Directions for this task —
Only one span of the material below is wanted. Output it exactly, from the line with "Zrenjanin beer concept design" through the line with "881f383358ba Converse Chuck", without any pictures.

Material for this task —

::::::::::

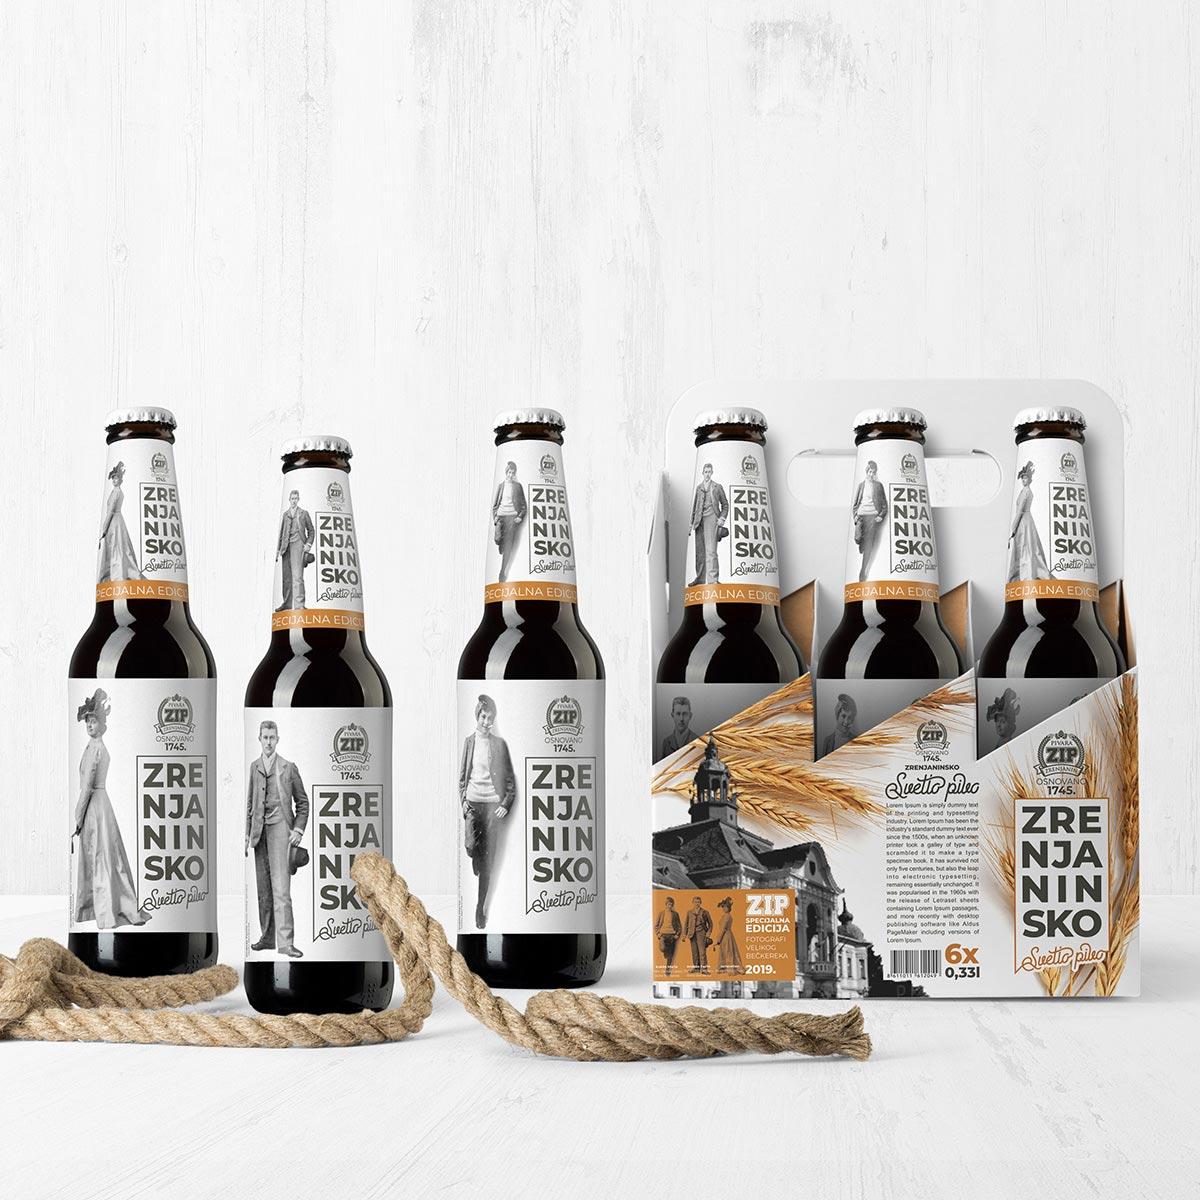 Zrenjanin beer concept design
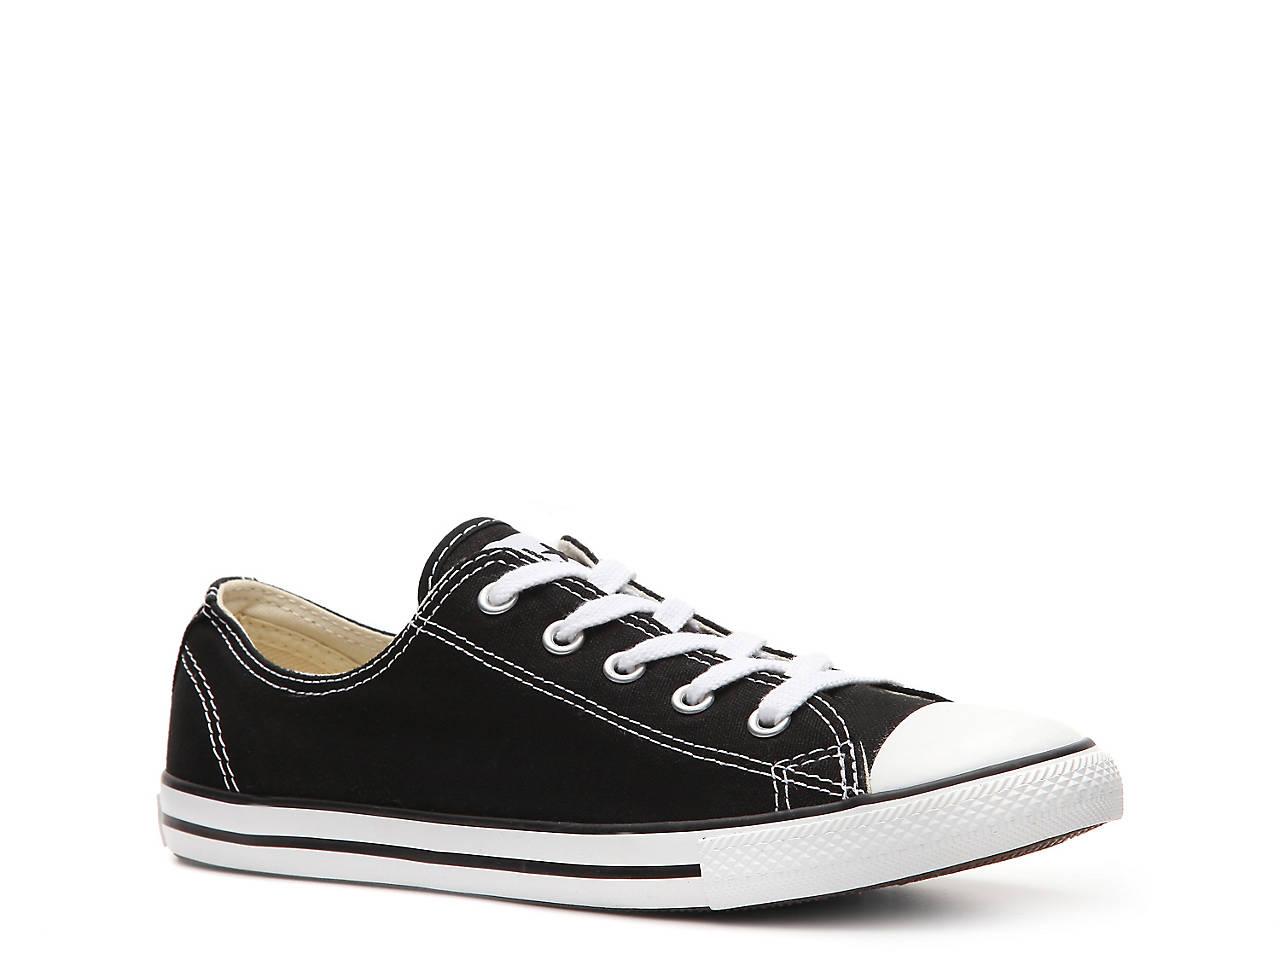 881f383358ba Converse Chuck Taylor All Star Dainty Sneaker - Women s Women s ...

::::::::::

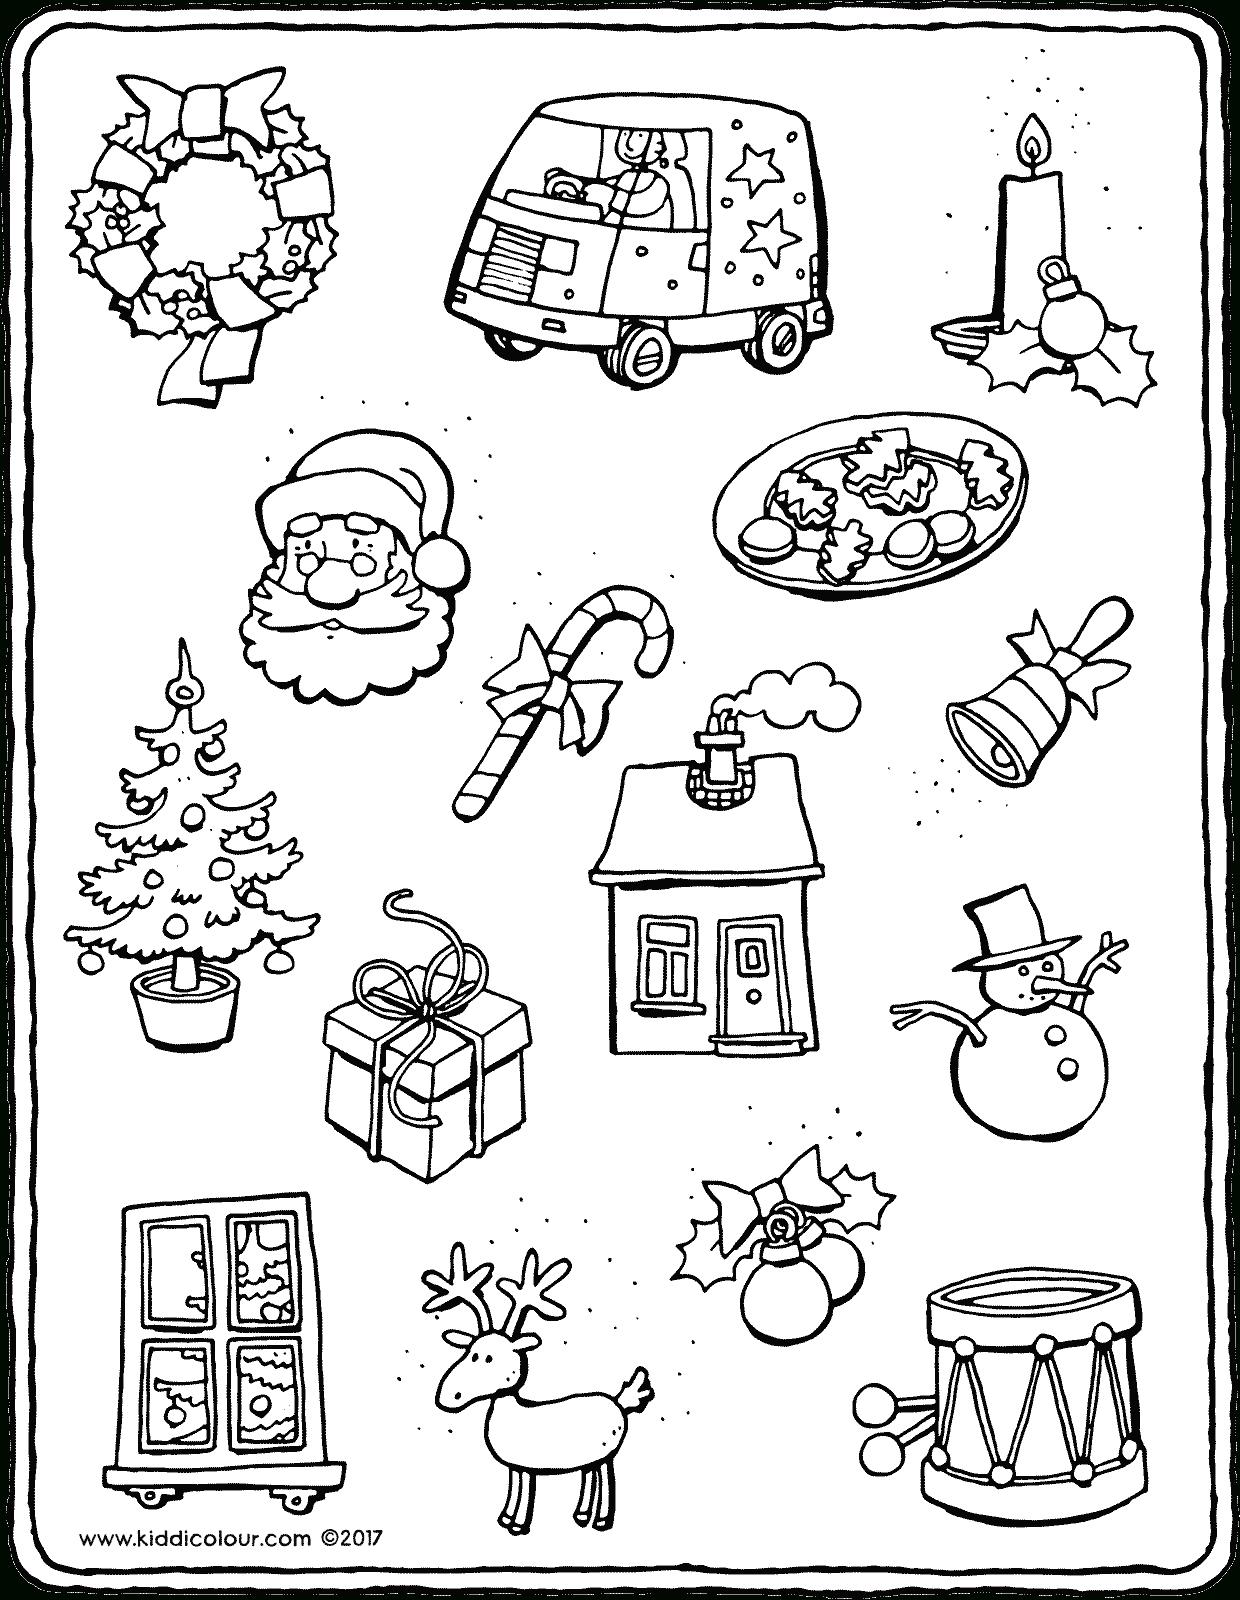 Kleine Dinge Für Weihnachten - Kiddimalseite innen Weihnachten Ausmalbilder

::::::::::

Result of the exercise —
 Zrenjanin beer concept design
 881f383358ba Converse Chuck Taylor All Star Dainty Sneaker - Women s Women s ...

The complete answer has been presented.